Die Lage der deutschen Philosophie im Jahr 1972 war zum einen bestimmt vom Reimport der von den
Nazis vertriebenen Heidegger-Konkurrenten. Husserls Nachlass, der 1938 starb, war unter konspirativen
Umständen in die Universität Löwen gebracht worden, und man begann 1950 seine sämtlichen Werke in
der ReiheHusserliana herauszugeben. Dasselbe geschah mit den Schriften Schelers und Cassirers, was
ihnen eine erneute Wirkungsgeschichte eröffnete. Zu erwähnen ist hier auch Karl Löwith, der von 1936
bis 1941 in Sendai (Japan) und dann bis 1952 in den USA lehrte und in diesem Jahr nach Heidelberg
berufen wurde; er wurde dort zum wichtigsten Heidegger-Kritiker. Auch andere, die der NS zum
Schweigen gebracht hatte, kehrten zurück. Sofort nach 1945 meldete sich Karl Jaspers wieder zu Wort,
der seit 1937 Lehr- und Publikationsverbot erhalten hatte und 1945 mit seiner Frau nur knapp dem KZ
entkommen war. Er zog es vor, 1948 nach Basel zu wechseln, von wo aus er nicht nur philosophisch,
sondern auch politisch nachhaltig wirkte. Bereits 1951 war Max Horkheimer und kurz nach ihm auch
Theodor W. Adorno nach Frankfurt am Main heimgekehrt, wo das als marxistisch verschriene Institut für
Sozialforschung seine Arbeit wieder aufnehmen konnte. Die sogenannte „Frankfurter Schule“ sollte auch
noch nach Adornos Tod im Jahr 1969 noch produktiv weiterwirken – vor allem durch Jürgen Habermas
und seinen Kreis. Viele Emigranten hatten es vorgezogen, nicht nach Deutschland zurückzukehren, z. B.

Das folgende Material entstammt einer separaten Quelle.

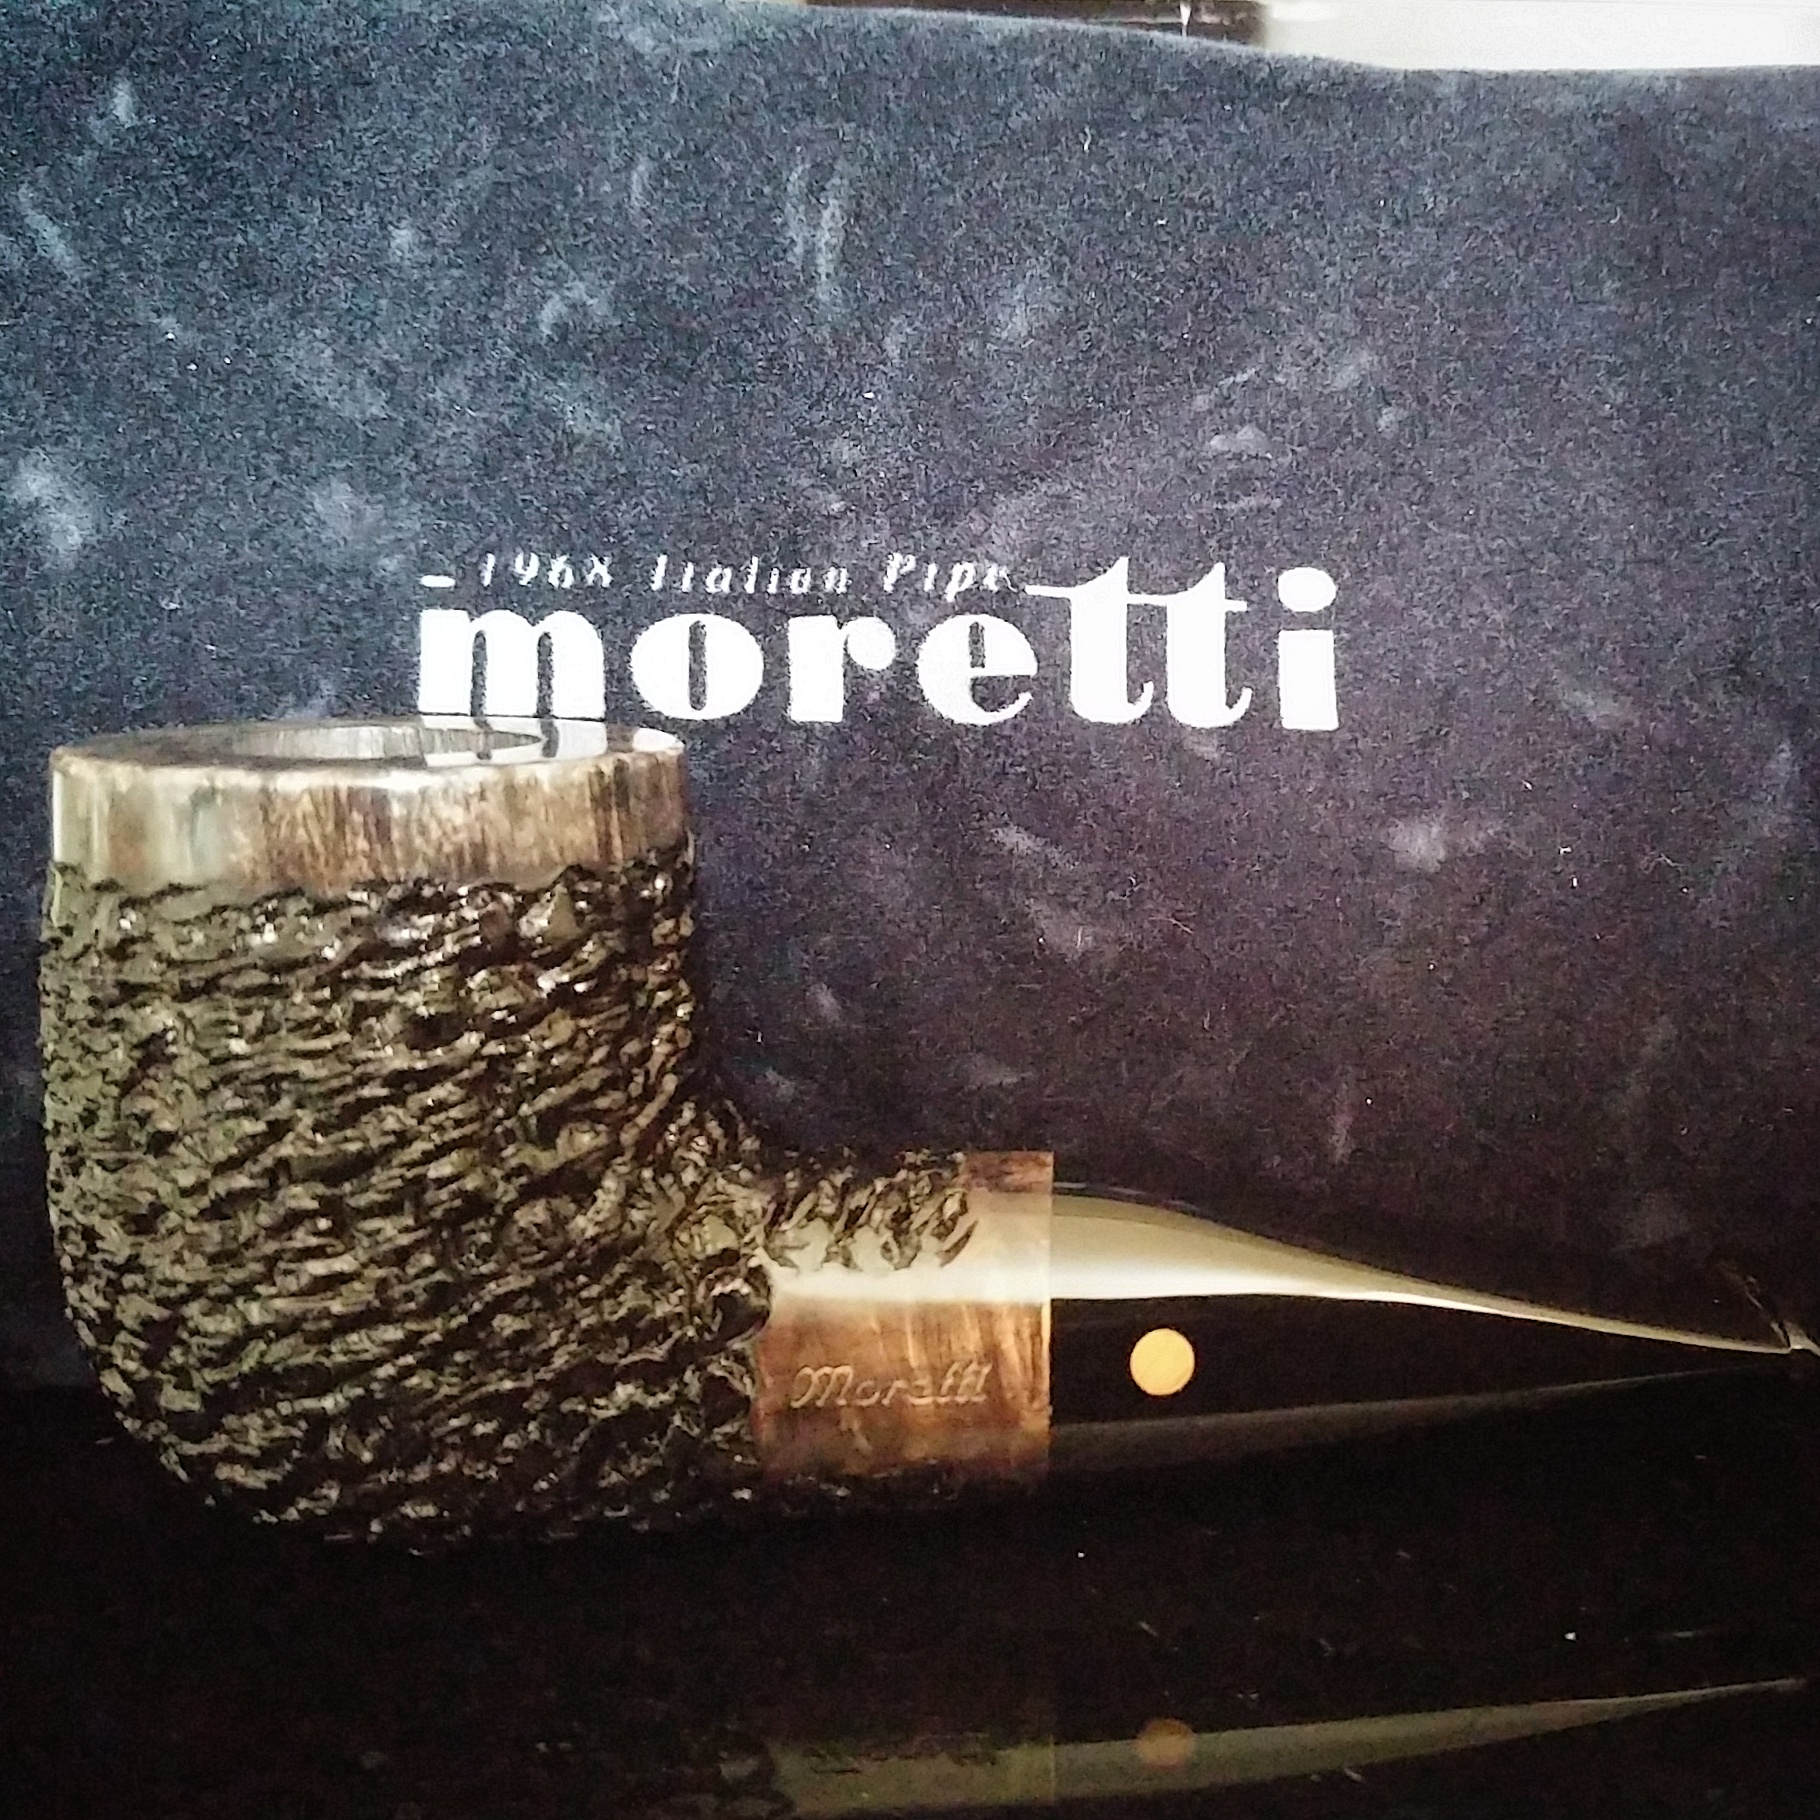 Moretti Stubby Billiard Nose Warmer.jpg

Hannah Arendt, Paul Tillich oder Herbert Marcuse, aber auch die meisten Vertreter des „Wiener Kreises“
des Logischen Empirismus (Rudolf Carnap, Carl Gustav Hempel, Herbert Feigl, Philipp Frank und
andere) verblieben in den USA, wo sie eine ganz neue, von der Idee der Philosophie als
Wissenschaftstheorie bestimmte akademische Kultur aufbauten, die lange Zeit als
der mainstream amerikanischer Philosophie galt. Karl R. Popper war 1937 nach Neuseeland emigriert
und lehrte und arbeitete bis 1994 in London. Dass sie alle der alten Heimat ferngeblieben waren,
behinderte aber nicht die Aneignung ihrer Ideen und Programme, die in den 60er Jahren einsetzte und
somit zu der Komplexität der philosophischen Landschaft beitrug, die man 1972 antreffen konnte. 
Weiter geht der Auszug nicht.